Sea-crossing began early on in prehistory. Farmers crossed to italy by 6,000 BCE, hunter-gatherers made the voyage to Cyprus around 13,000 BCE. Flores, an island in the east of the Indonesian archipelago, was colonised even earlier by hominids around 700,000 BCE, and the island of Crete saw its first visitors potentially over a million years before the present. There is one island, however, which bears witness to a record that is unlikely to be beaten by any future discovery: Socotra.
Situated 100km from the tip of East Africa and 180km from the southern shore of the Arabian peninsula, Socotra is a seemly inhospitable island with a wealth of ecological diversity. During the Pleistocene and earlier, it would have been almost a tropical island, brimming with micro-climates, forest canopies, wetlands and savannahs. It was never part of any mainland, and many miles separated it from the flora and fauna of Africa or Asia. Yet, somehow, around 2 million years ago, Homo Erectus got there.

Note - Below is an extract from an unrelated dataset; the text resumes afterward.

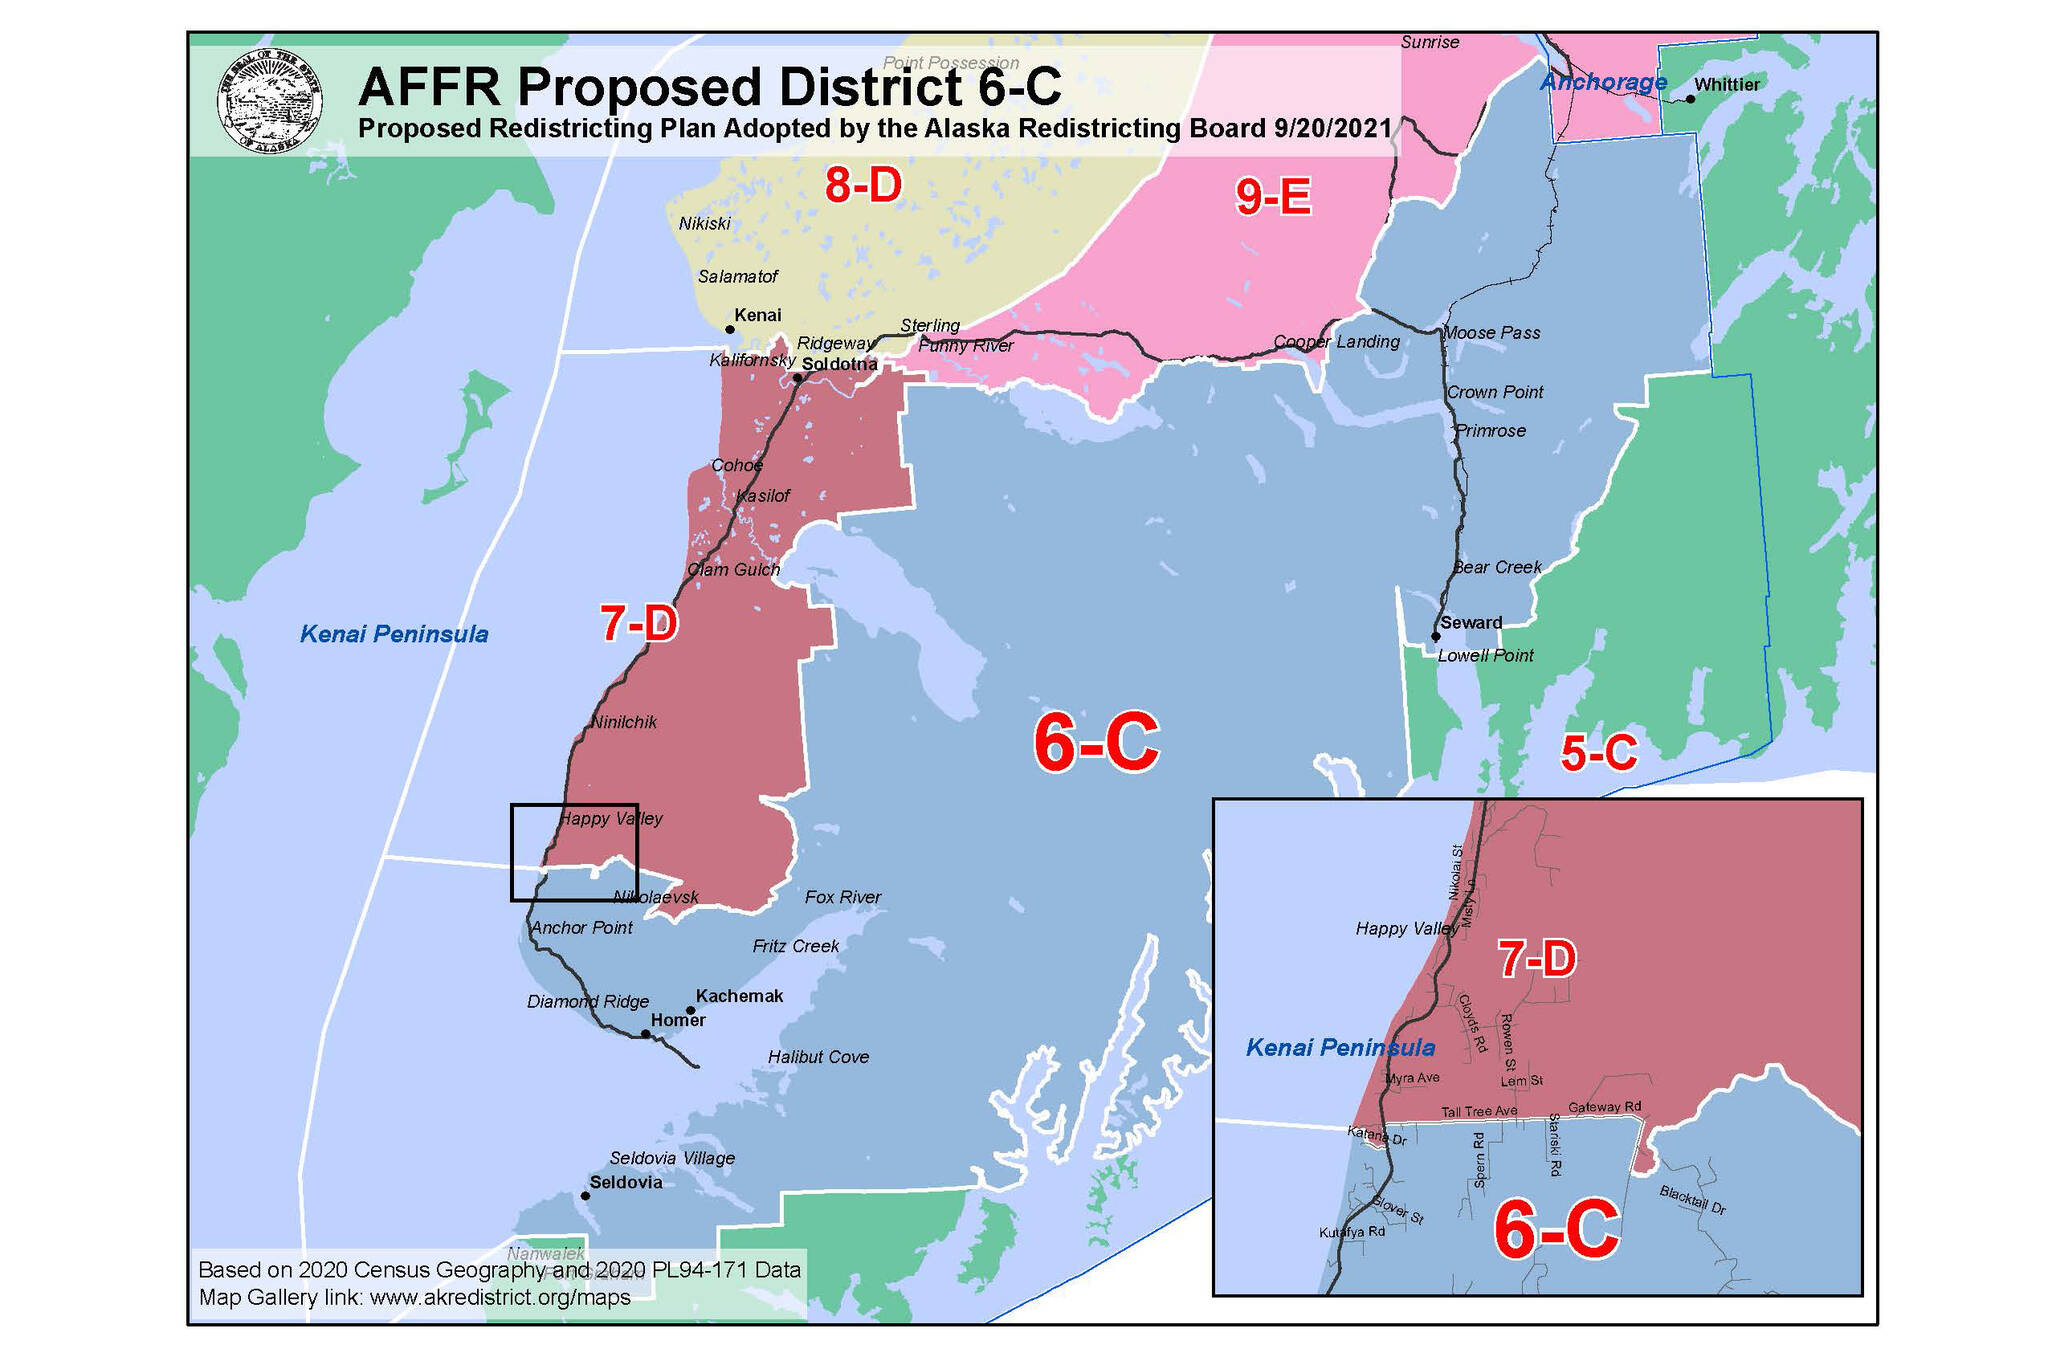 Alaskans for Fair Redistricting proposes a House District 6-C centered around the southern and eastern Kenai Peninsula that includes Homer, Anchor Point, Seldoiva and Seward in one district. It also puts the Russian Old Believer communities of Nikolaevsk, Razdolna, Voznesenka and Kachemak Selo in the same district. (Map courtesy of Alaskans for Fair Redistricting)

In 2008 & 2009, an expeditionary team of Russian archaeologists and paleoanthropologists announced the discovery of several clusters of stone tools, made in the archaic Oldowan or Mode 1 fashion. These had been left beside lush wadi, or oases, and is distinct by an absence of cores, which are much more prevalent in continental assemblages. The same team also uncovered a rich tool industry the east of Iran and in Azerbaijan, both attributable to Homo Erectus or another Erectus-like archaic species. Since this lithic tradition spans more than a million years, the earliest date for an arrival on the island is about 2.5million years ago. On the other hand, Erectus only emerged after 1.8mya, a species credited with crossing rough seas to Flores, Sulawesi and possibly the Philipines. It seems unlikely that their predecessor Homo Habilis, who could not even hunt and lived a partially arboreal lifestyle, could have accomplished the trip, even if they may have reached as far as the east Asian mainland.
References:
Bednarik, R. (2003). Seafaring in the Pleistocene. Cambridge Archaeological Journal, 13(1), 41-66. doi:10.1017/S0959774303000039
https://web.archive.org/web/20111009101750/http://www.ihae.ru/konfer/simpozium.htm
Damme, K. V., & Banfield, L. (2011). Past and present human impacts on the biodiversity of Socotra Island (Yemen): implications for future conservation. Zoology in the Middle East, 54(sup3), 31-88.